In this blog post we will explain:

  • The events that had led to the scaling issues.
  • What capacity we had before scaling, how our infrastructure looked like and what kind of traffic we were expecting for the initial launch.
  • How we’ve scaled Union Station now and how our infrastructure looks like now.
  • What we’ve learned from it and what we will do to prevent similar problems in the future.

Preparation work before day 1

Even before the launch, our software architecture was designed to be redundant (no single point of failure) and to scale horizontally across multiple machines if necessary. The most important components are the web app, MySQL, MongoDB (NoSQL database), RabbitMQ (queuing server) and our background workers. The web app receives incoming data, validates them and puts them in RabbitMQ queues. The background workers listen on the RabbitMQ queues, transform the data into more usable forms and index them into MongoDB. The bulk of the data is stored in MongoDB while MySQL is used to for storing small data sets.
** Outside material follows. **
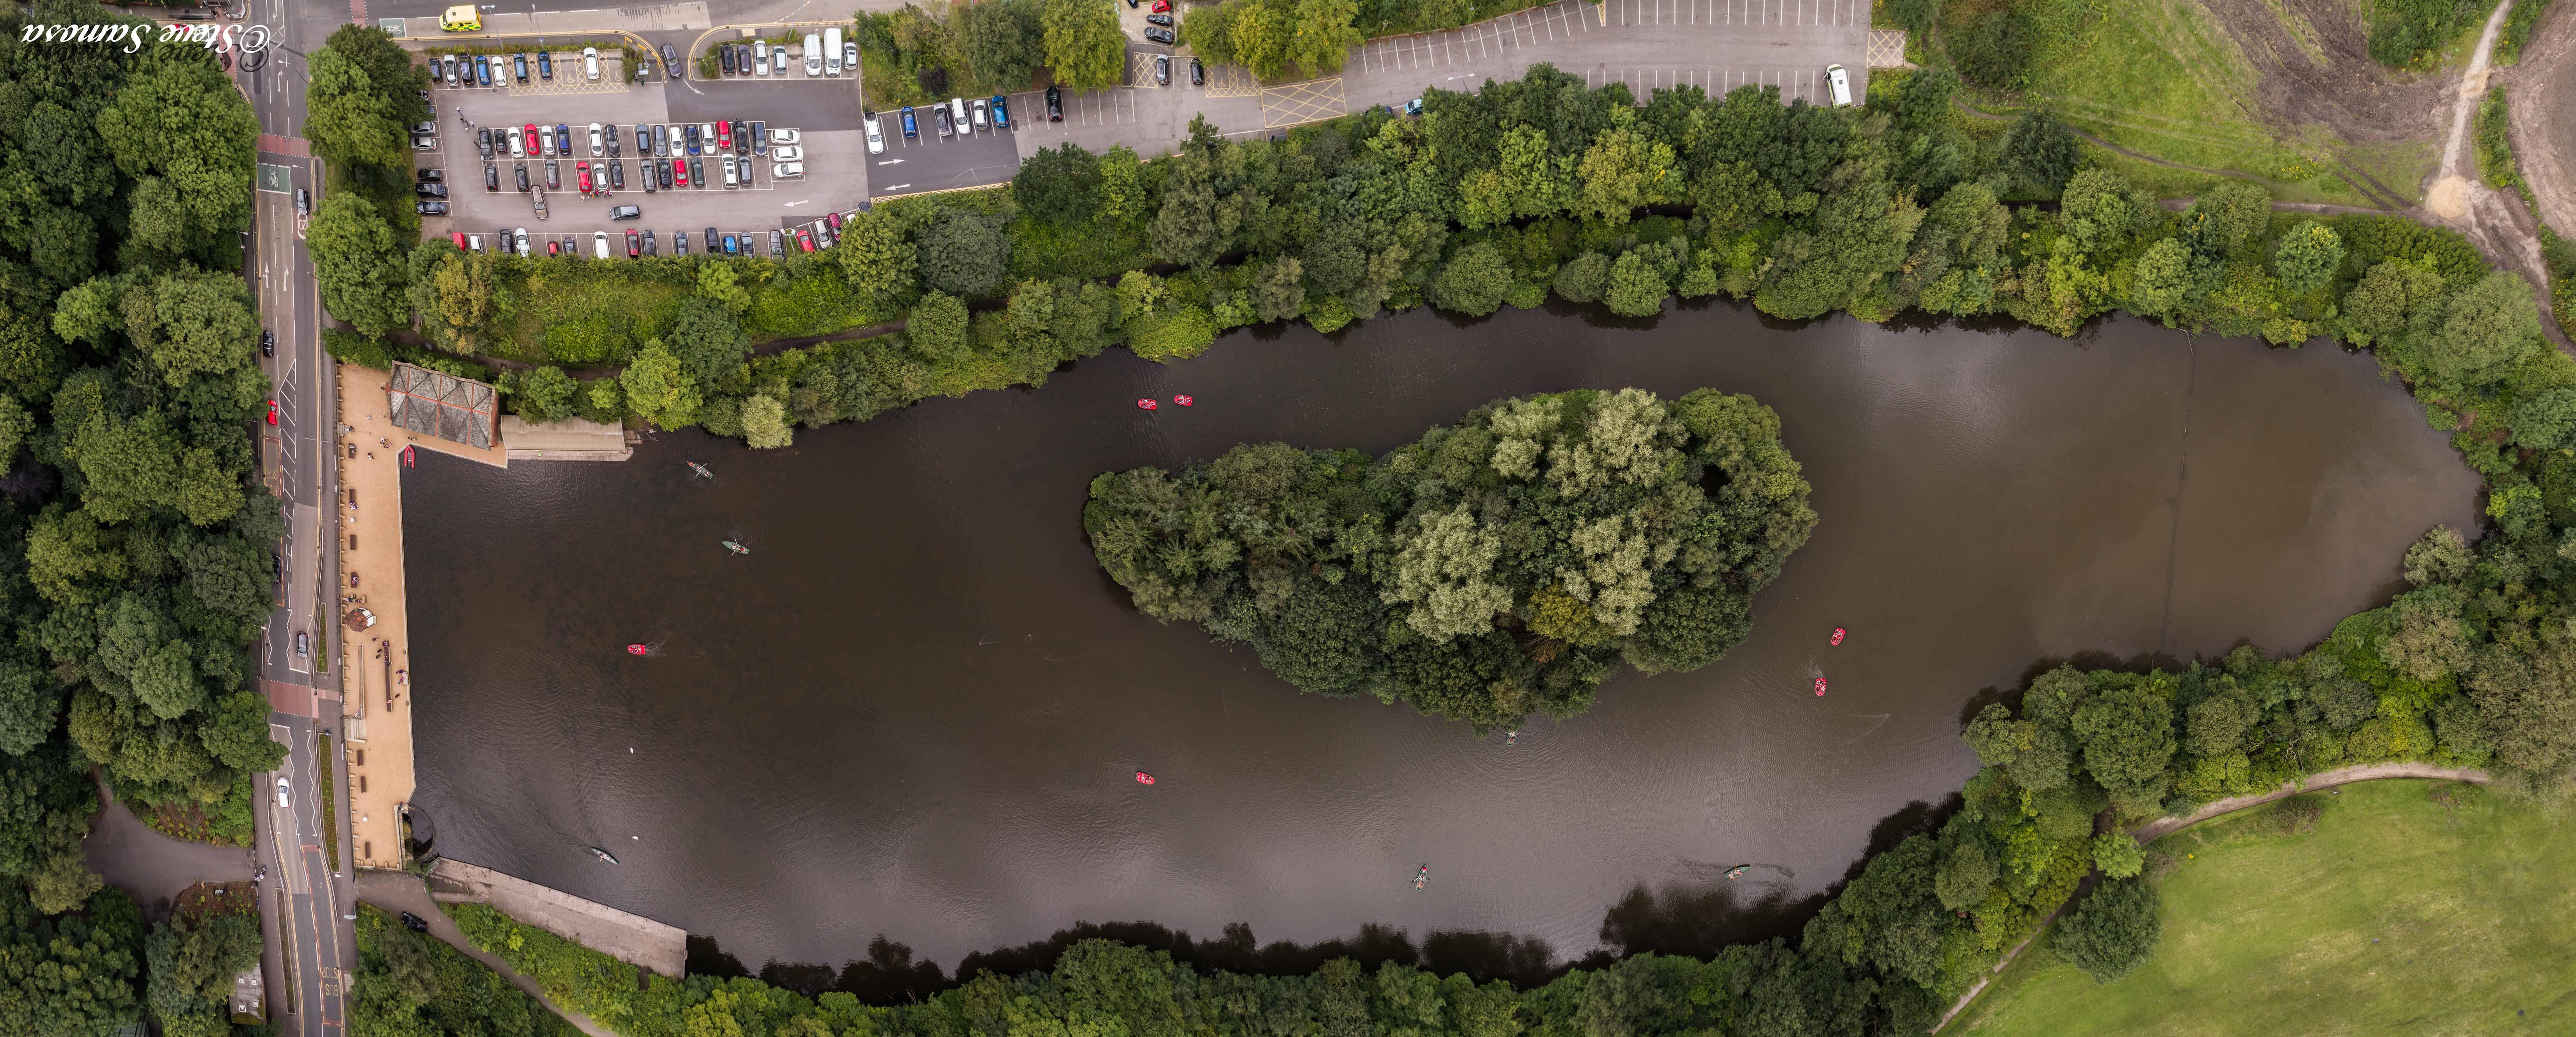 Stamford Park Boating Lake
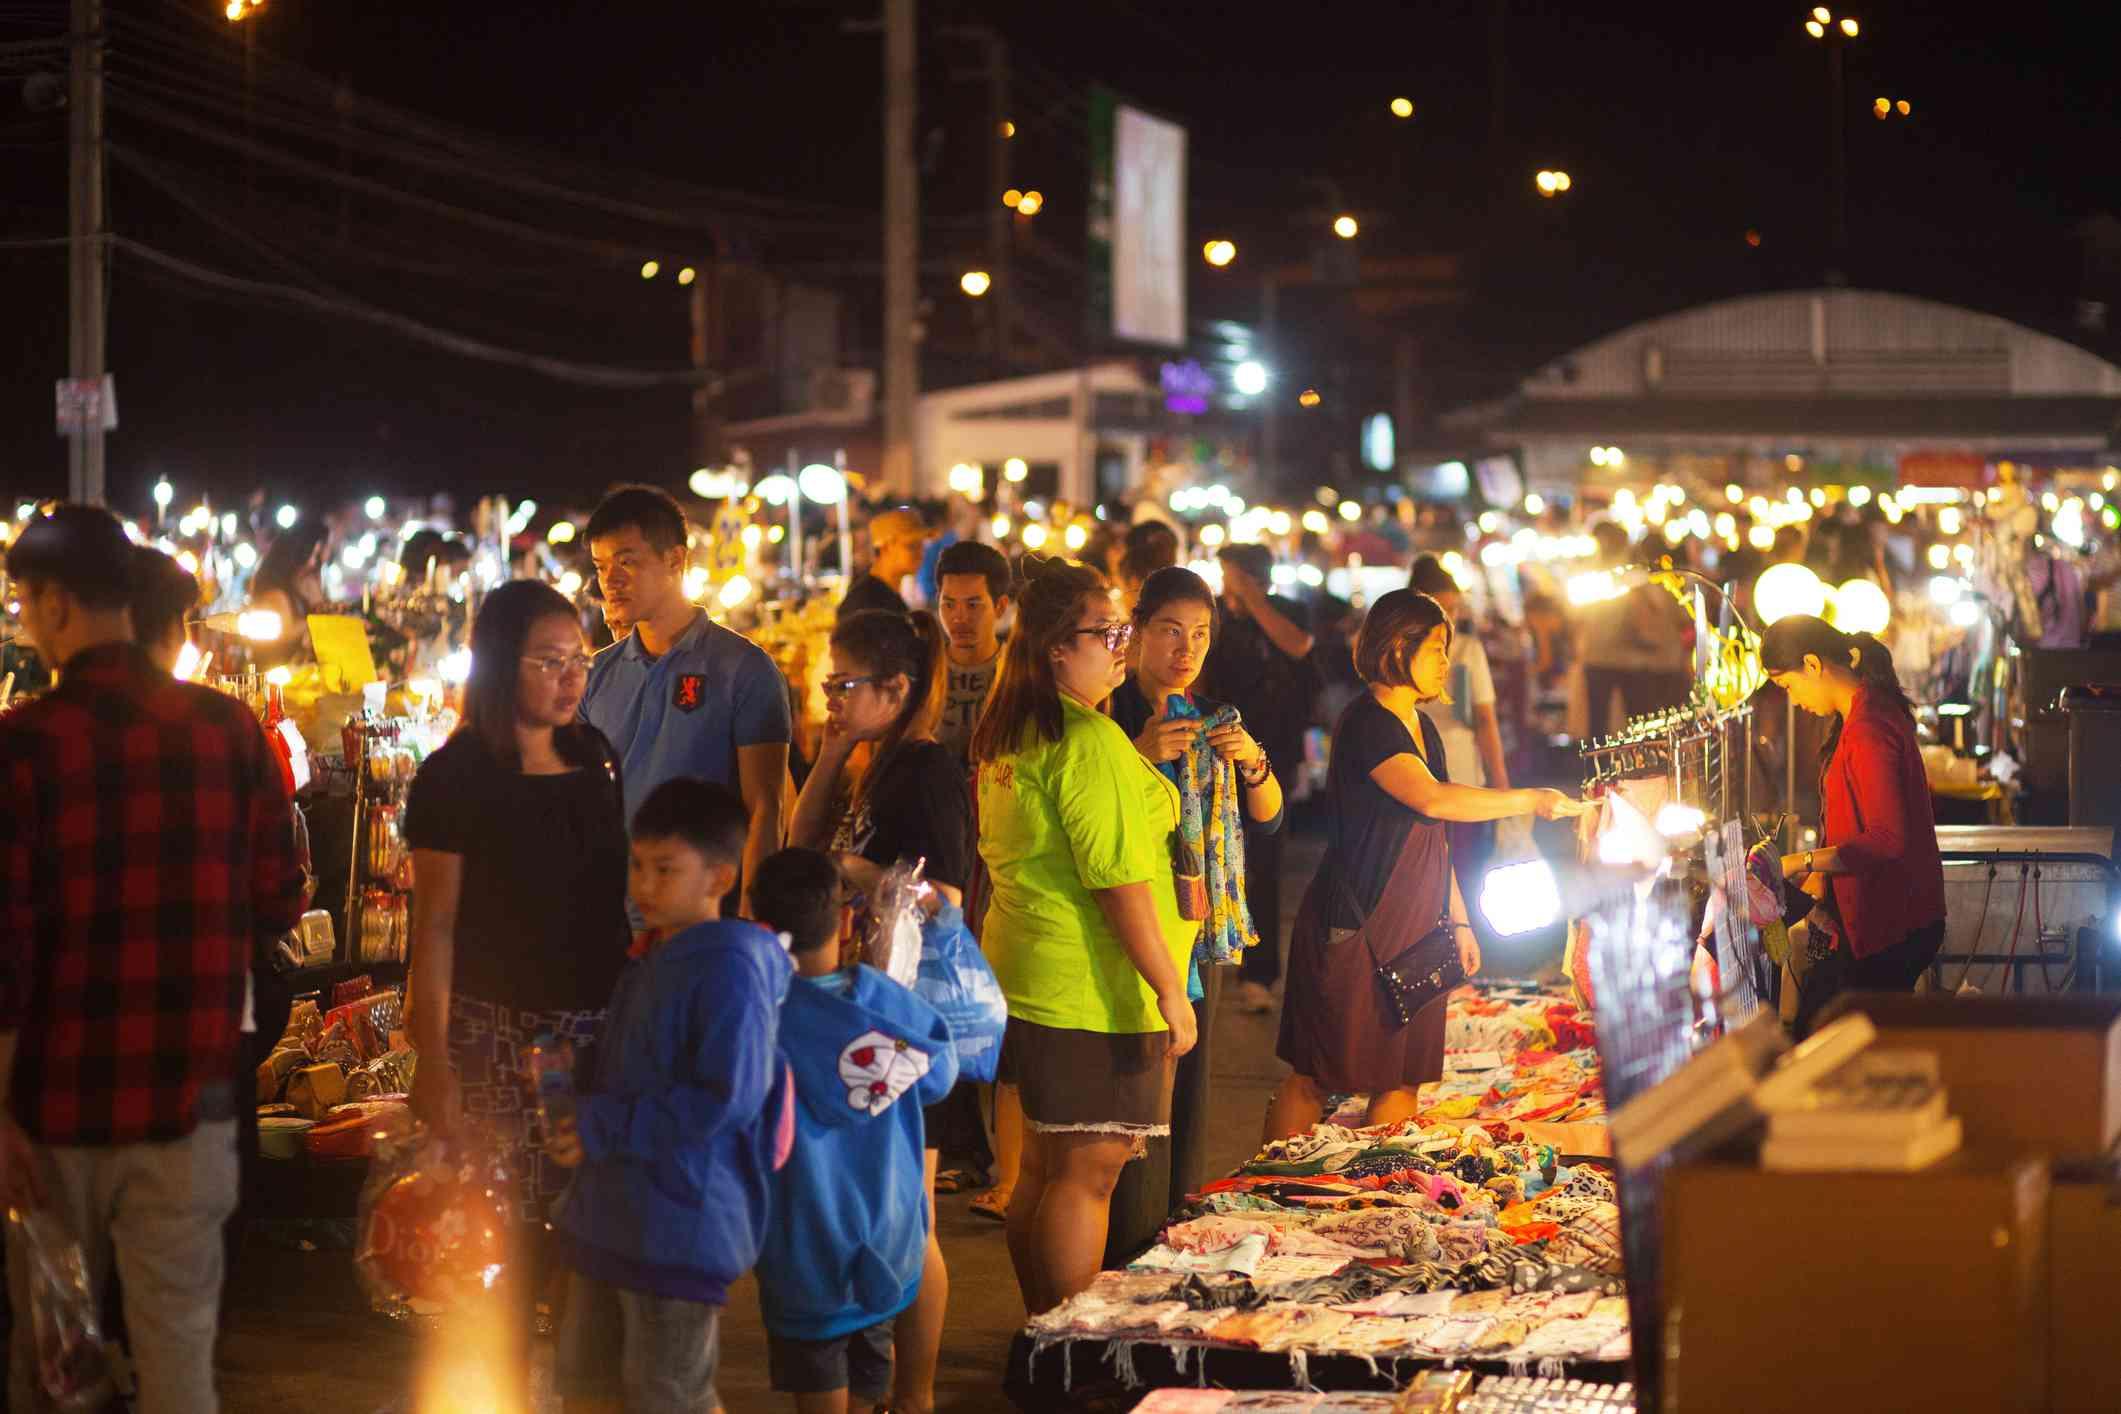 Lian Duan Market

Should scaling ever be necessary then every component can be scaled to multiple machines. The web app is already trivially scalable: it is written in Ruby so we can just add more Phusion Passenger instances and hook them behind the HTTP load balancer. The background workers and RabbitMQ are also very easy to scale: each worker is stateless and can listen from multiple RabbitMQ queues so we can just add more workers and RabbitMQ instances indefinitely. Traditional RDBMSes are very hard to write-scale across multiple servers and typically require sharding at the application level. This is the primary reason why we chose MongoDB for storing the bulk of the data: it allows easy sharding with virtually no application-level changes. It allows easy replication and its schemaless nature fits our data very well.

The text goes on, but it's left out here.